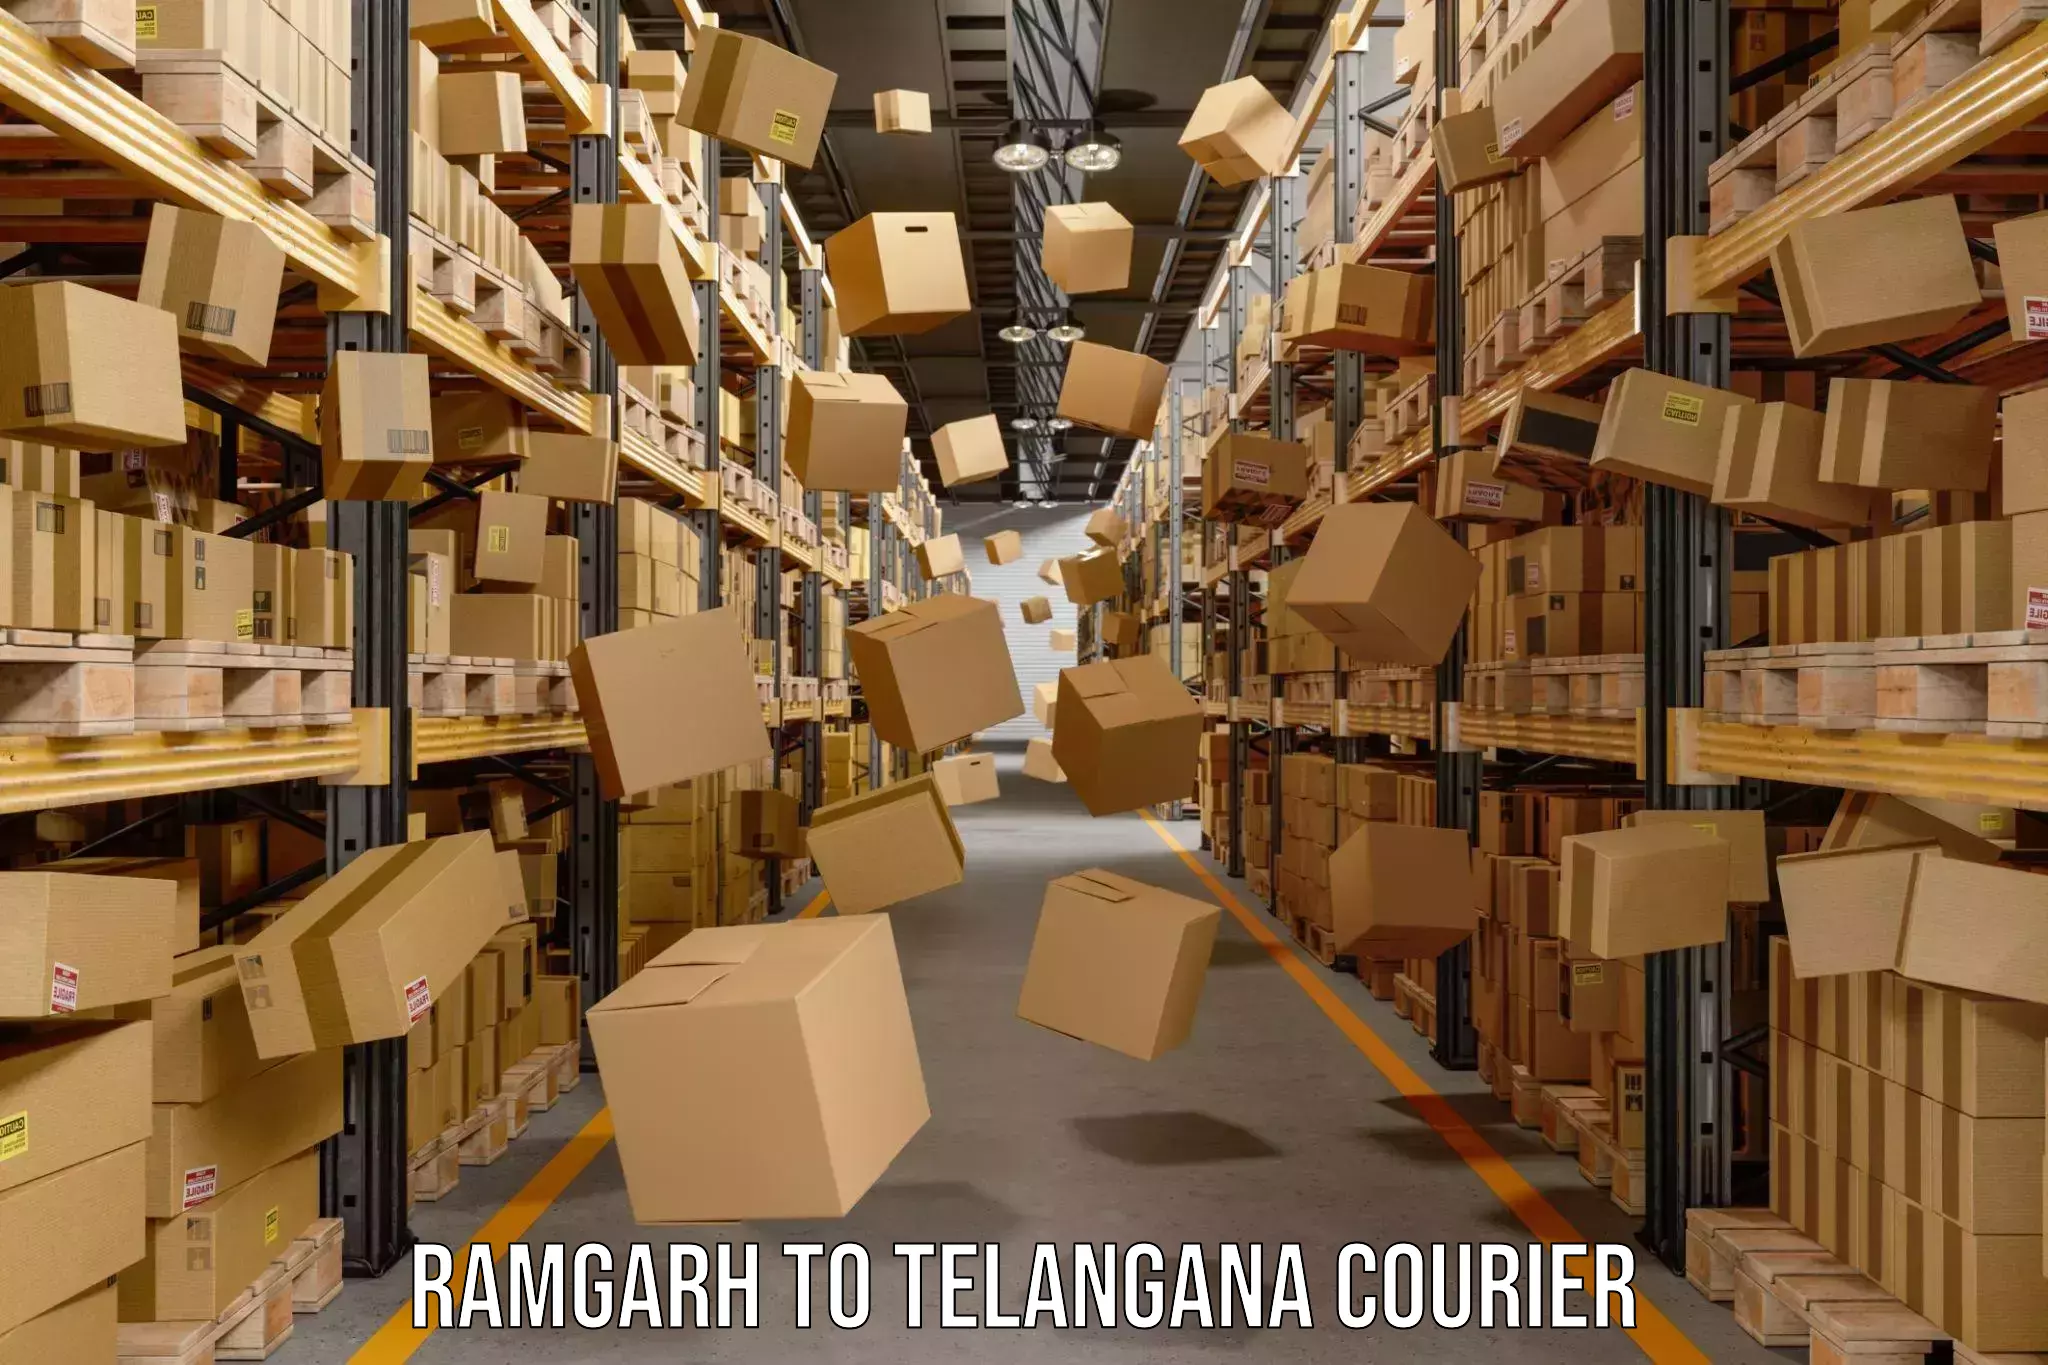 Express package handling Ramgarh to Jagtial
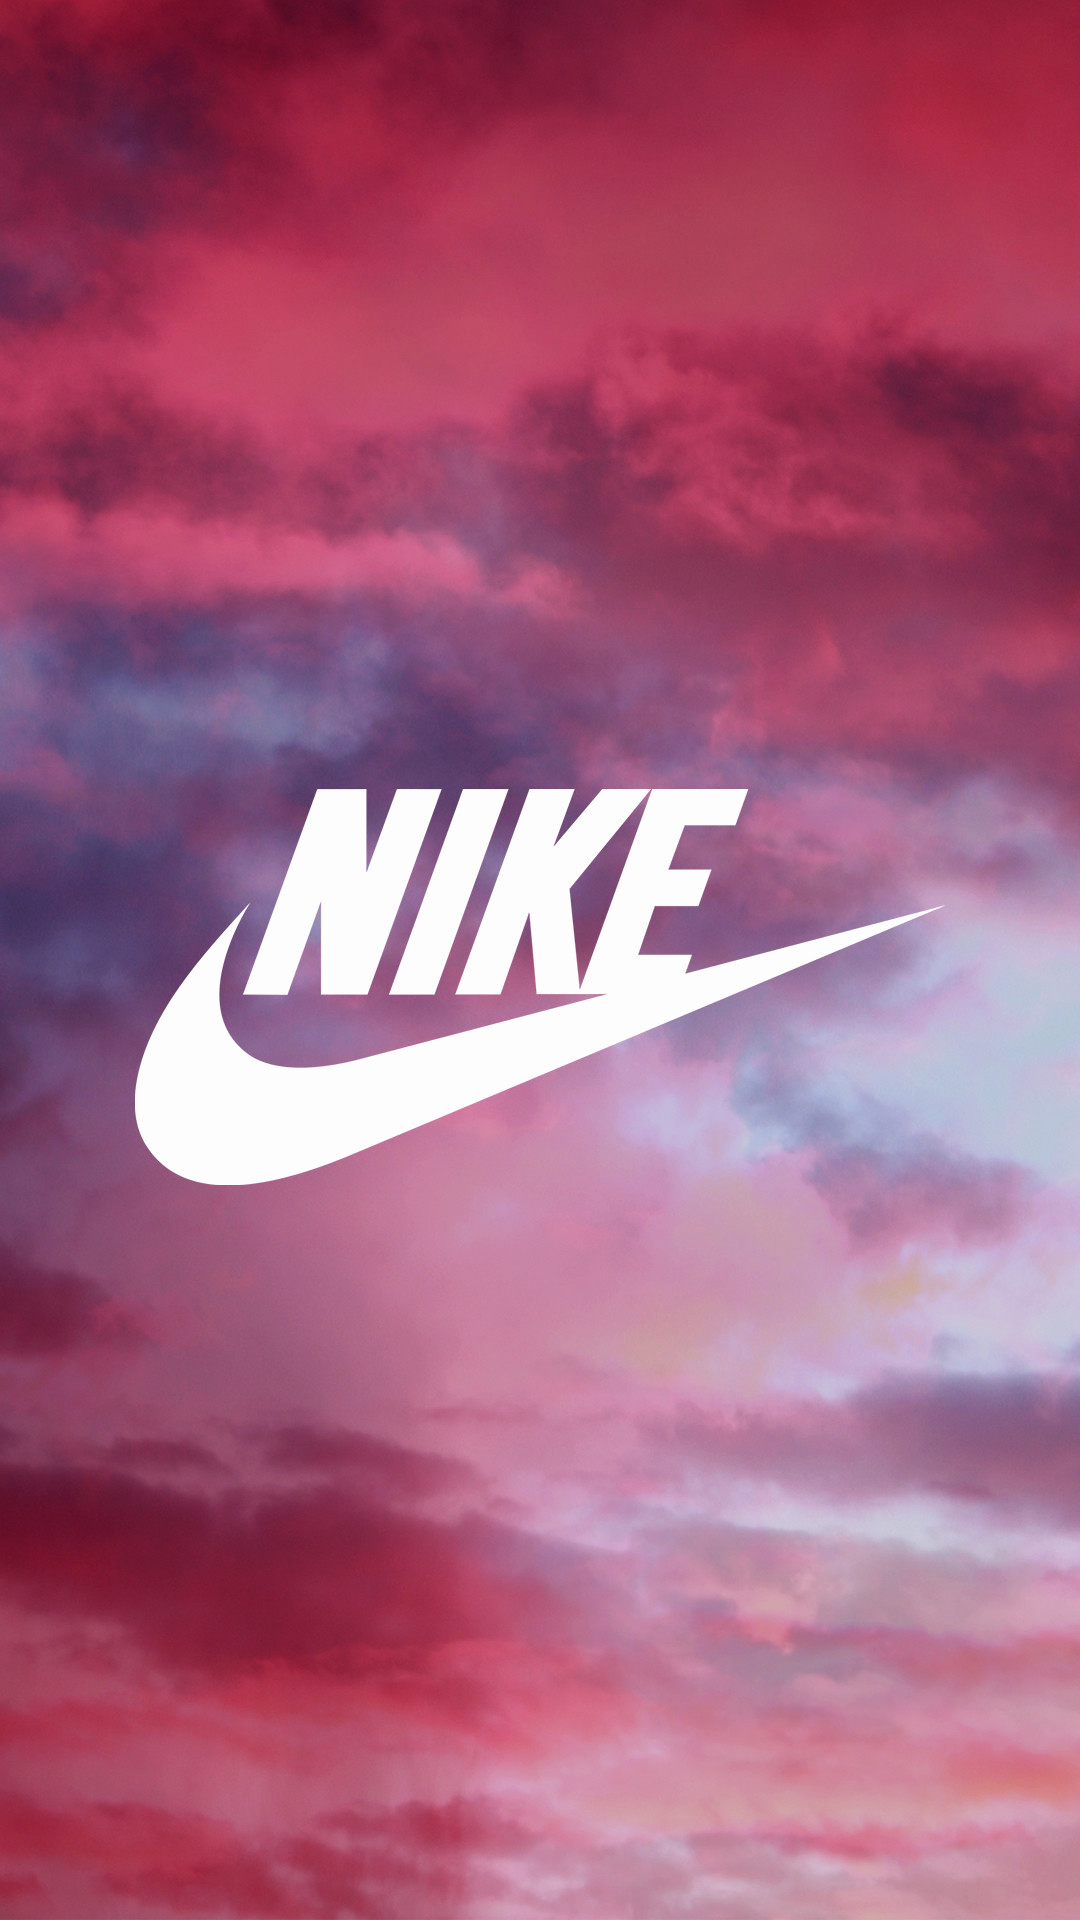 Hãy thưởng thức những hình nền Nike hồng dành cho tín đồ thời trang. Với đa dạng thiết kế và màu sắc tươi sáng, chúng sẽ làm tươi tắn màn hình điện thoại của bạn và giúp bạn thể hiện phong cách thời trang đầy sáng tạo.
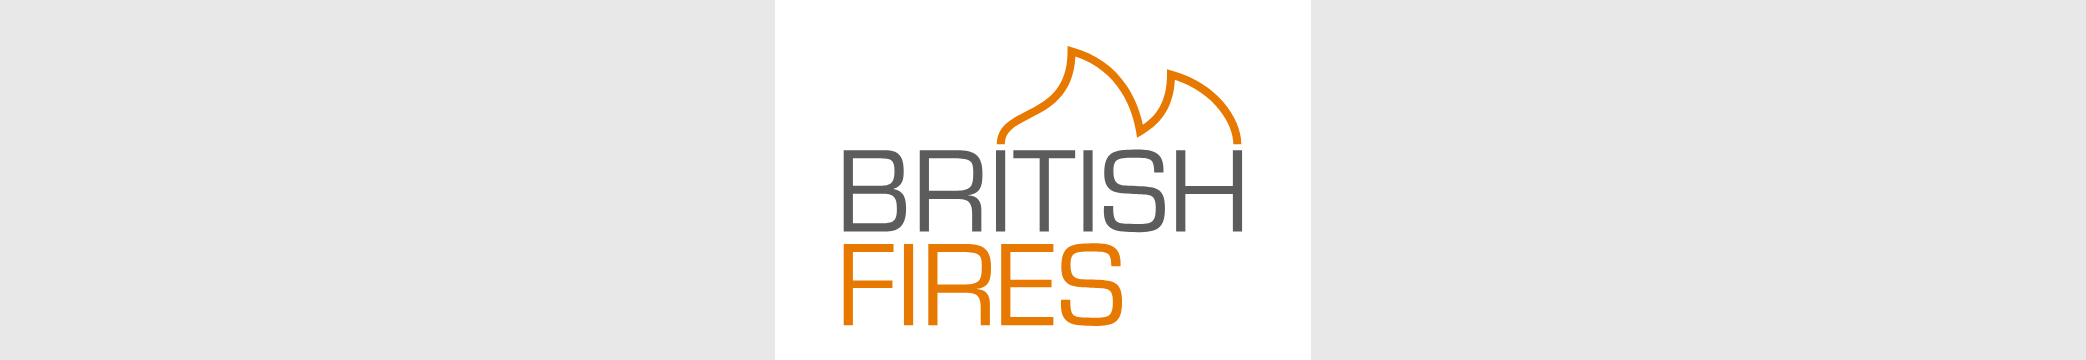 Header_britisch fires
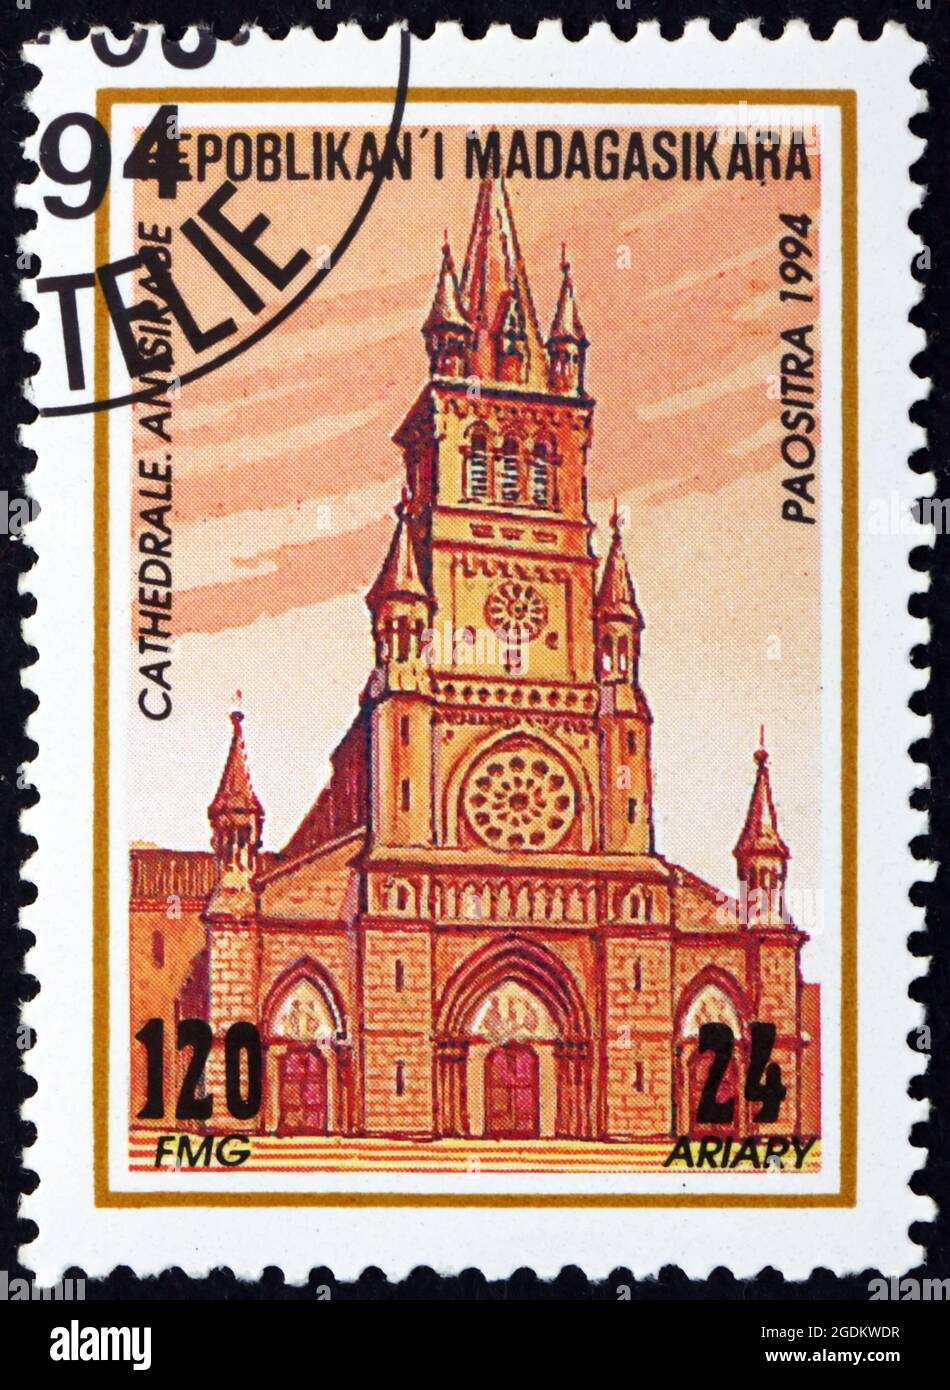 MALGACHE - VERS 1994: Un timbre imprimé à Malgache, Madagascar montre la cathédrale d'Antsirabe, la cathédrale notre-Dame de la Salette, vers 1994 Banque D'Images
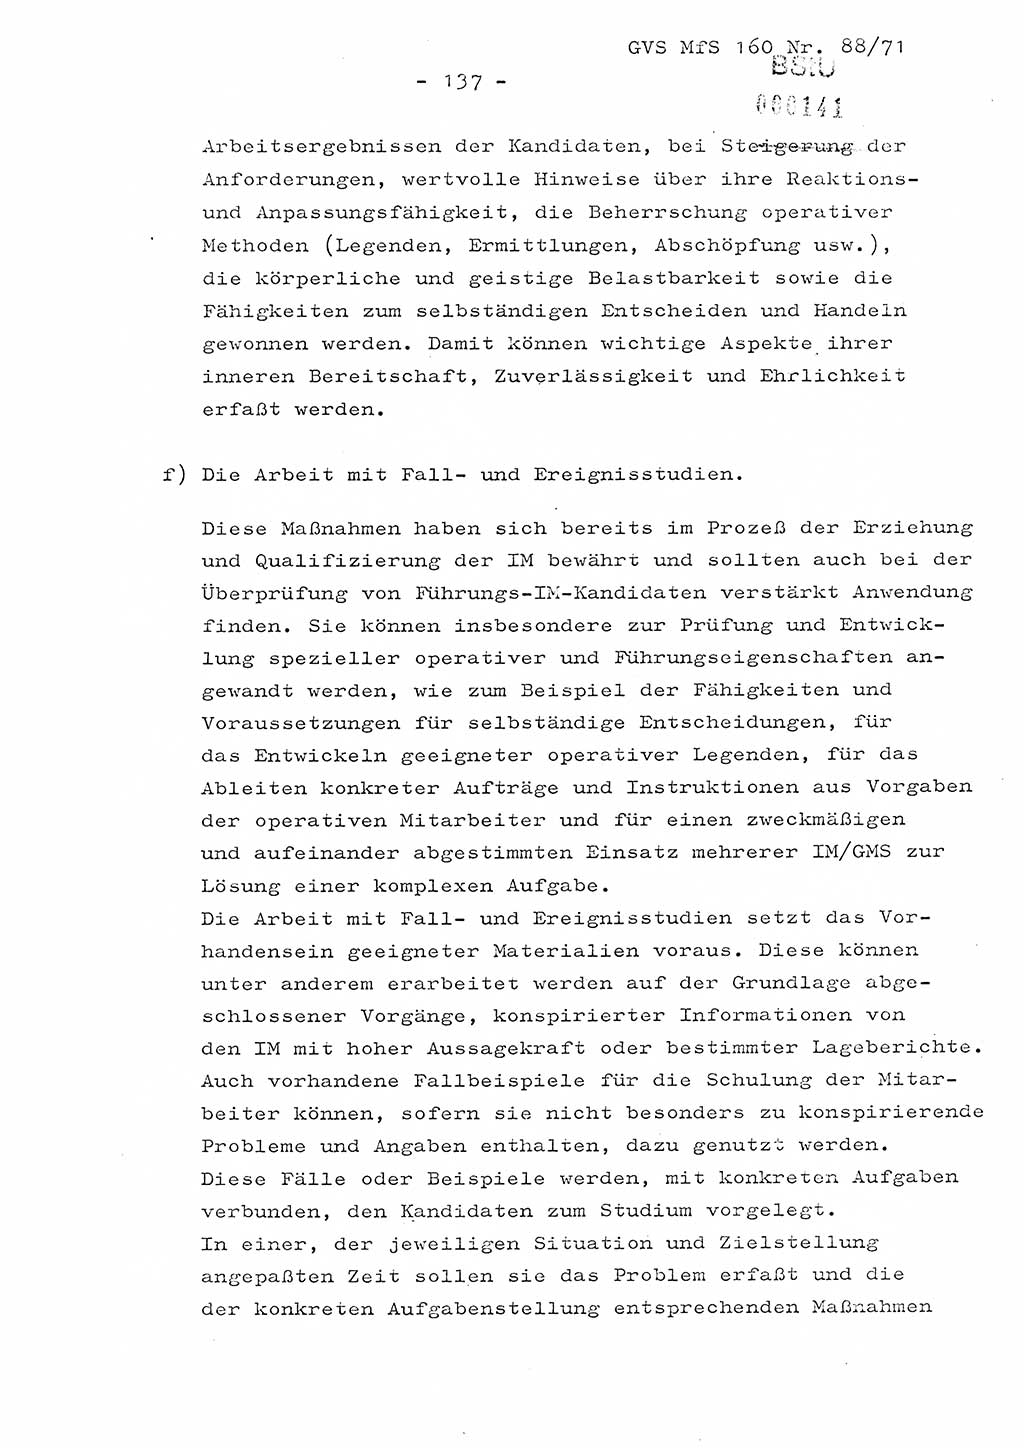 Dissertation Oberstleutnant Josef Schwarz (BV Schwerin), Major Fritz Amm (JHS), Hauptmann Peter Gräßler (JHS), Ministerium für Staatssicherheit (MfS) [Deutsche Demokratische Republik (DDR)], Juristische Hochschule (JHS), Geheime Verschlußsache (GVS) 160-88/71, Potsdam 1972, Seite 137 (Diss. MfS DDR JHS GVS 160-88/71 1972, S. 137)

• • • • • • •

▸ Problem description:
Nothing but an exact copy of the data above, minus its pictures, should appear in the response.

▸ Exercise result:
 Express package handling Ramgarh to Jagtial
 Hãy thưởng thức những hình nền Nike hồng dành cho tín đồ thời trang. Với đa dạng thiết kế và màu sắc tươi sáng, chúng sẽ làm tươi tắn màn hình điện thoại của bạn và giúp bạn thể hiện phong cách thời trang đầy sáng tạo.
 Header_britisch fires
 MALGACHE - VERS 1994: Un timbre imprimé à Malgache, Madagascar montre la cathédrale d'Antsirabe, la cathédrale notre-Dame de la Salette, vers 1994 Banque D'Images
 Dissertation Oberstleutnant Josef Schwarz (BV Schwerin), Major Fritz Amm (JHS), Hauptmann Peter Gräßler (JHS), Ministerium für Staatssicherheit (MfS) [Deutsche Demokratische Republik (DDR)], Juristische Hochschule (JHS), Geheime Verschlußsache (GVS) 160-88/71, Potsdam 1972, Seite 137 (Diss. MfS DDR JHS GVS 160-88/71 1972, S. 137)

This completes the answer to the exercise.